Top of DATA SECTION
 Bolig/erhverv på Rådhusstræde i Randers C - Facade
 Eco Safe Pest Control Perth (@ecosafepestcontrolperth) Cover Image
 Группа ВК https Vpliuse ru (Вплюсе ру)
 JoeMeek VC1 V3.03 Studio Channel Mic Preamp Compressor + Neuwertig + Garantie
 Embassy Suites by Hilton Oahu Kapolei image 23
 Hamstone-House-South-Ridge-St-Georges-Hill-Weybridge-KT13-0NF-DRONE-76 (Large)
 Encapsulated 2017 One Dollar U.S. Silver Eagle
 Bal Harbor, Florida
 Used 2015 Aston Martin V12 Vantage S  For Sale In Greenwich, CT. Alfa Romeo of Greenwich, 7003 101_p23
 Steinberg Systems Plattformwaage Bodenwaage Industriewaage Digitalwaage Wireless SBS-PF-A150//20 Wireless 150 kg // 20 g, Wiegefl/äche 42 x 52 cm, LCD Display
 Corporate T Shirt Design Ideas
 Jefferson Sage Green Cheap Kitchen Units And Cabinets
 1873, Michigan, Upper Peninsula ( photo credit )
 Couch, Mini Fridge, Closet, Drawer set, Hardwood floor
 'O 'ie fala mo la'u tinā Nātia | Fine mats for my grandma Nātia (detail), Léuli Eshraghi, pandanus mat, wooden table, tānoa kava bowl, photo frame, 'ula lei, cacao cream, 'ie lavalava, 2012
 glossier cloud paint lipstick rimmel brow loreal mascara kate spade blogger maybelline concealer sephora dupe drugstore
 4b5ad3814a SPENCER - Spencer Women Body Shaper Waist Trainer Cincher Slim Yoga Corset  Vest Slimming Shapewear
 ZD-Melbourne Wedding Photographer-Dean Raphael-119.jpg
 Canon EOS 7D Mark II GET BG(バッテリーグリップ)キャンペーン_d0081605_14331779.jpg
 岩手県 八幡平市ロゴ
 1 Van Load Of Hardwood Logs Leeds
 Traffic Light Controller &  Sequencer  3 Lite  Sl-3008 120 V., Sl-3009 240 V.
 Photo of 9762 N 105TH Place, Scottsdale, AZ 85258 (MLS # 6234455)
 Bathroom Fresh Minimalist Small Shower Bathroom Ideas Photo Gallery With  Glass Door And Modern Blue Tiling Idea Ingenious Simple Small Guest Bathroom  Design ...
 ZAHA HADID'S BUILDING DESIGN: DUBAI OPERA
Bottom of DATA SECTION
Please print verbatim each line from the first line of the entries above to the line that contains "Embassy Suites by", inclusive, and nothing more.

 Bolig/erhverv på Rådhusstræde i Randers C - Facade
 Eco Safe Pest Control Perth (@ecosafepestcontrolperth) Cover Image
 Группа ВК https Vpliuse ru (Вплюсе ру)
 JoeMeek VC1 V3.03 Studio Channel Mic Preamp Compressor + Neuwertig + Garantie
 Embassy Suites by Hilton Oahu Kapolei image 23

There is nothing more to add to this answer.